A lo lejos apareció el rótulo obsceno de Las Cuatro y el chico corrió como nunca lo había hecho. Sus sandalias apenas rozaban el suelo adoquinado y trató de correr aún más de prisa cuando creyó ver la silueta del Muerto a través de uno de los ventanales de la planta baja. En el instante en el que apareció el bastón con el que se enredaron sus canillas estaba sólo a unos pasos del burdel.

Cayó de bruces, interponiendo antebrazos y codos entre su rostro y la piedra de la calzada. A fuerza de costumbre la caída se zanjó con el enésimo despelleje, varios arañazos y algún moretón que no tardaría en asomar. Nada nuevo. Lo peor era el momento que habían elegido el bastón y su propietario para aparecer.

—No corras tanto, pichón —graznó Greebels—. Tengo trabajo para ti.

El chico se incorporó a toda velocidad y trató de huir pero el trozo de madera volvió a colársele entre las piernas y lo hizo caer de nuevo.

—Por El Grande que ya pensaba que todos los pájaros habían emigrado al Gran Círculo. —Greebels encorvó su decrépita figura y sujetó al chico por el antebrazo.

Pese a sus muchos años, la mano era firme como un cepo. Sus falanges huesudas se clavaban en la muñeca del pequeño, apretando y retorciéndola con fuerza.

—¡Ay! … no… Greebels…ahora… ¡ay!…tengo…

—Bababá, bababú… No protestes tanto y ven conmigo —se burló el viejo mientras arrastraba al niño hacia un callejón repleto de cajones apilados—. ¿No quieres una moneda, maldita sea? Sin mí la mitad de vosotros no comeríais en semanas, por todos los demonios.

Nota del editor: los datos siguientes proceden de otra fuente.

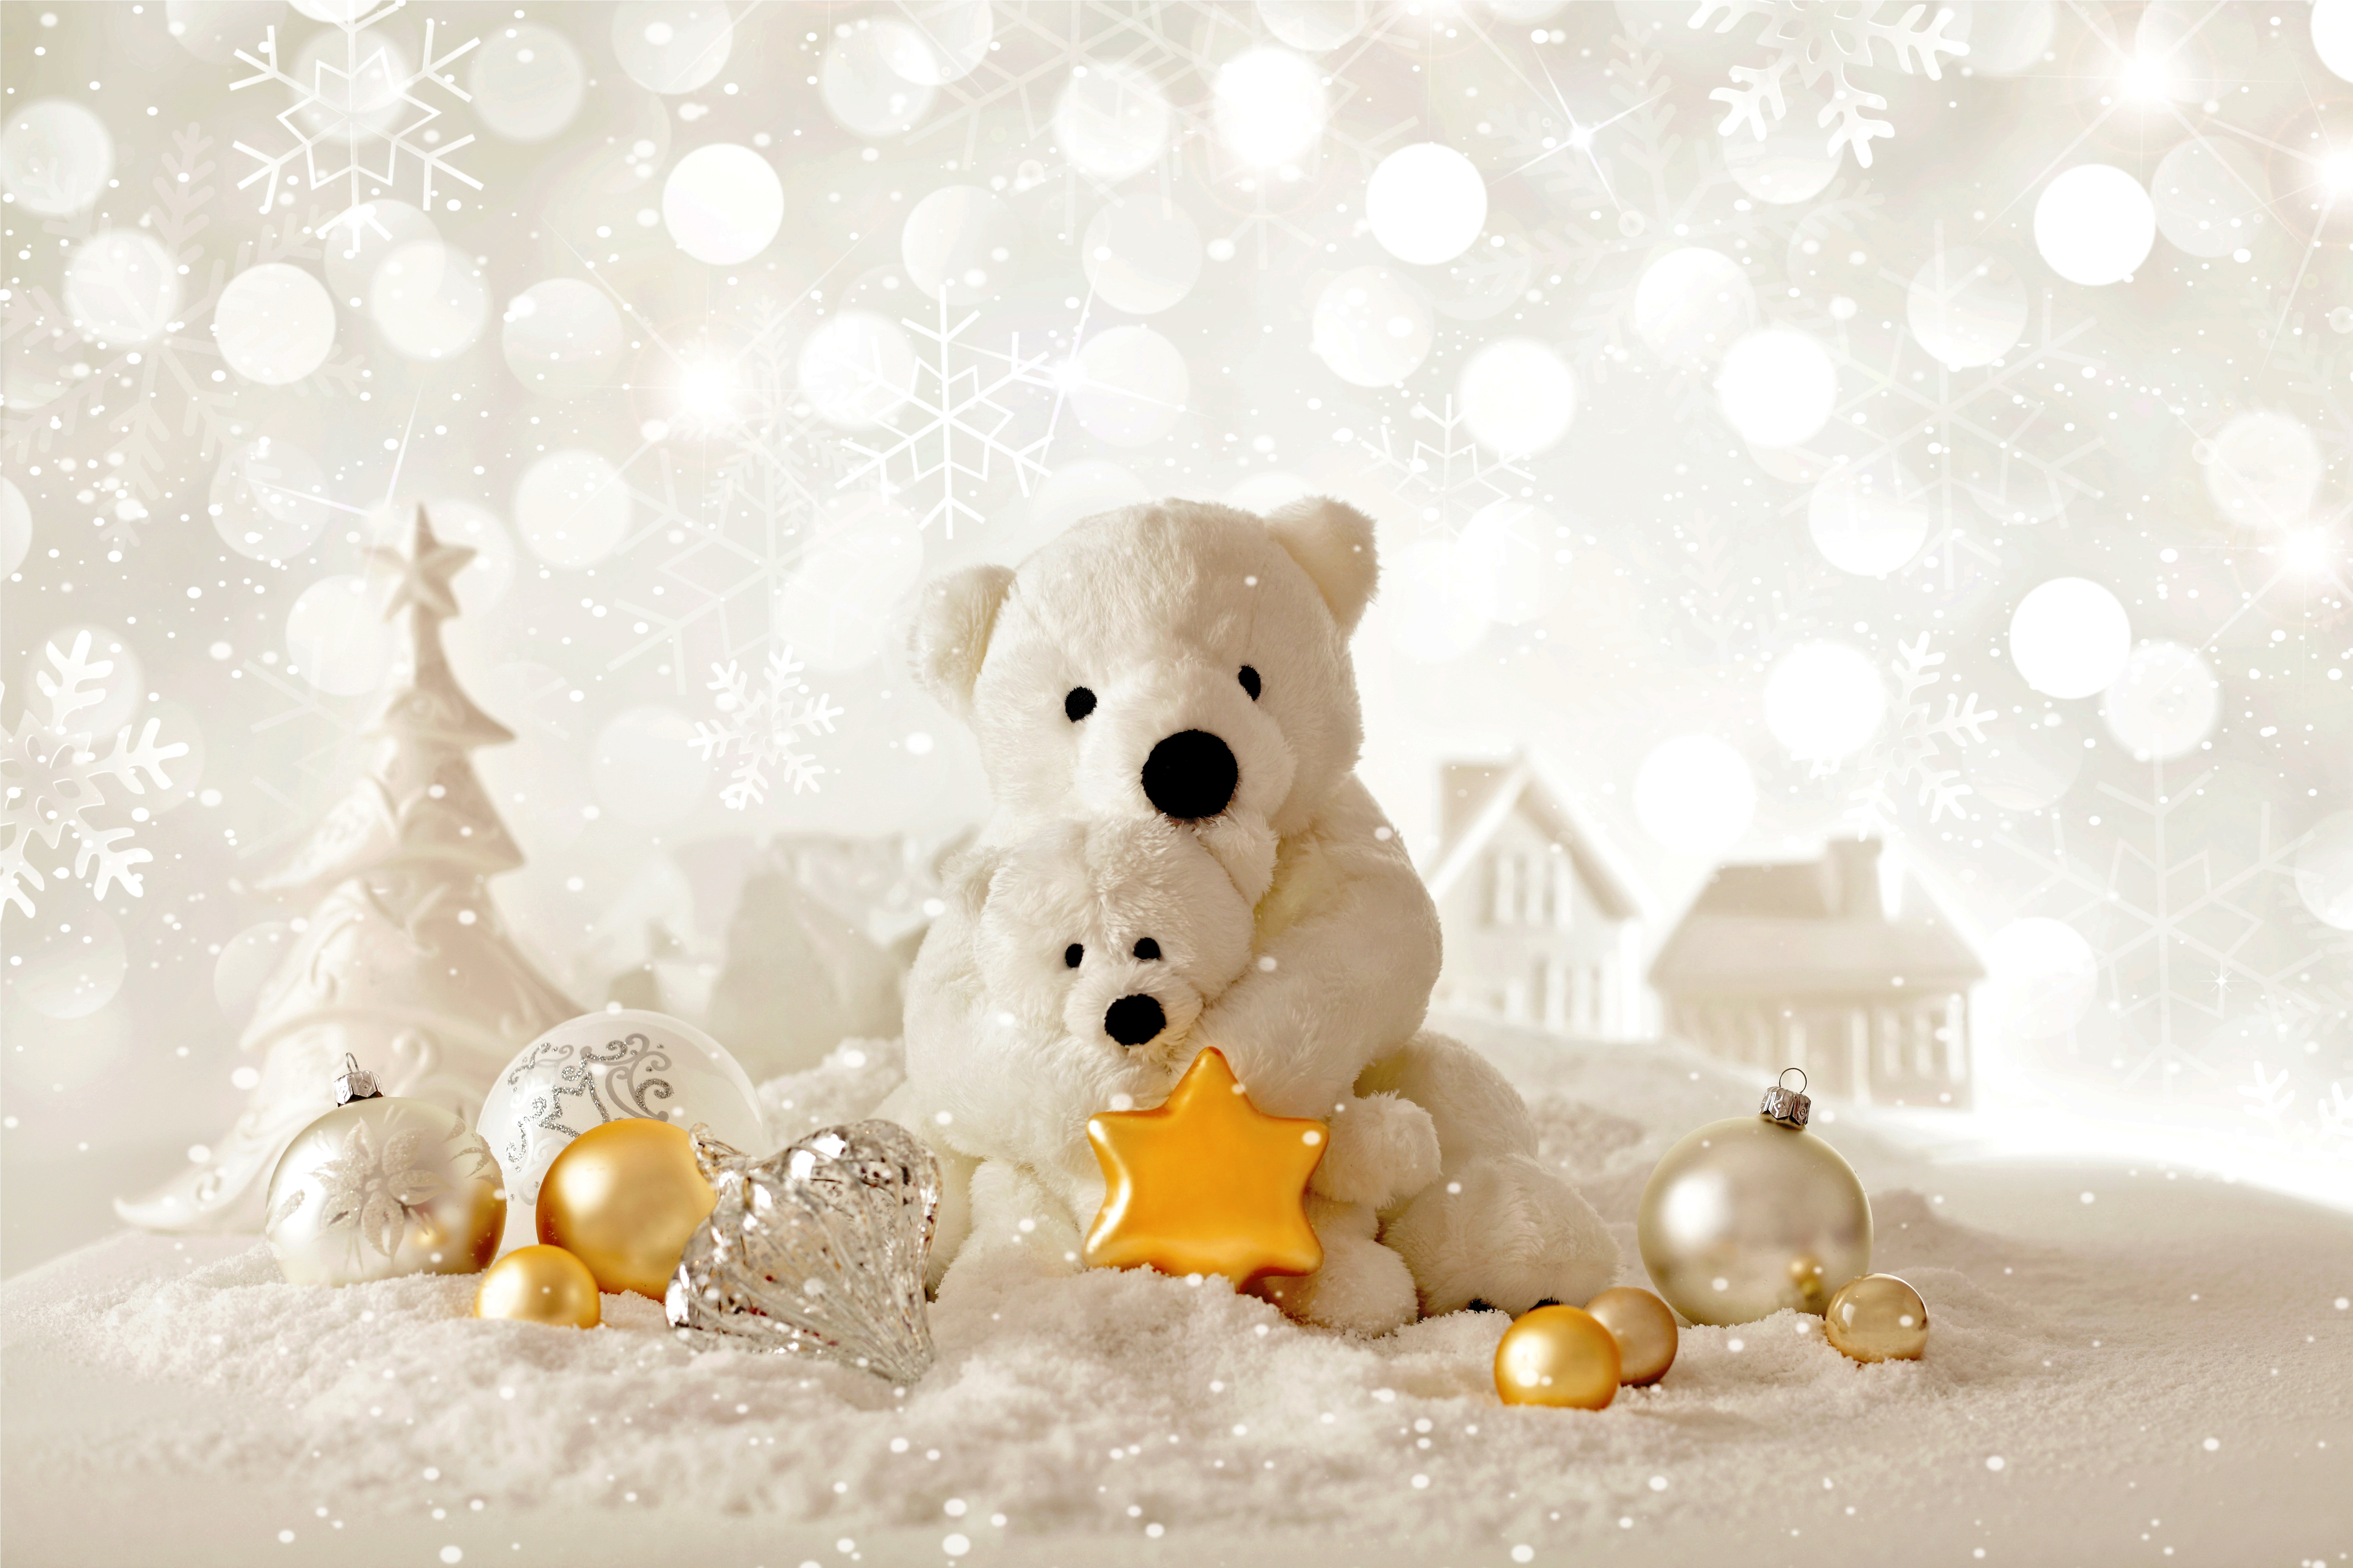 Фигура под елку мишка является неотъемлемой частью новогоднего настроения. Она придаст вашей елке особое очарование и уют, а также станет отличным украшением дома на всю рождественскую неделю.

Greebels se internó en la callejuela tirando del chico al tiempo que le retorcía el brazo. El pequeño trataba de zafarse entre gemidos de dolor pero el maldito viejo tenía una fuerza increíble en las manos. Cuando encontró un rincón a su gusto lo lanzó con violencia sobre unos sacos.

—Estoy empezando a enfadarme, pichón. Vas a tener que hacerlo muy bien si quieres que te pague —murmuró mientras desanudaba el deshilachado cordel que utilizaba como cinturón.

—Greebels, dame un momento, por favor. Ha llegado un barco. Gigantes. He de avisar a…

El viejo le propinó una bofetada monumental y la cabeza del niño se estrelló contra el desvencijado saco de nueces.

—¡Por las pelotas del Grande! Te has quedado sin tu moneda —refunfuñó sacando una navaja oxidada de su bolsillo mientras terminaba de bajarse los pantalones.

El niño se frotaba el rostro y miraba suplicante la desagradable figura del viejo, que lo amenazaba con la navaja al tiempo que se llevaba la otra mano a sus calzones andrajosos. A lo lejos podía escuchar las voces de Bind el Sabandija que en ese instante corría desaforado hacia Las Cuatro Paredes del Amor.

—¡Señor Dainar! ¡Señor Dainar! ¡Gigantes en el muelle, señor! ¡Gigantes!

Desde el fondo del callejón el muchacho pudo escuchar el crujido inconfundible del portón del prostíbulo y el murmullo de las voces graves de los mercenarios.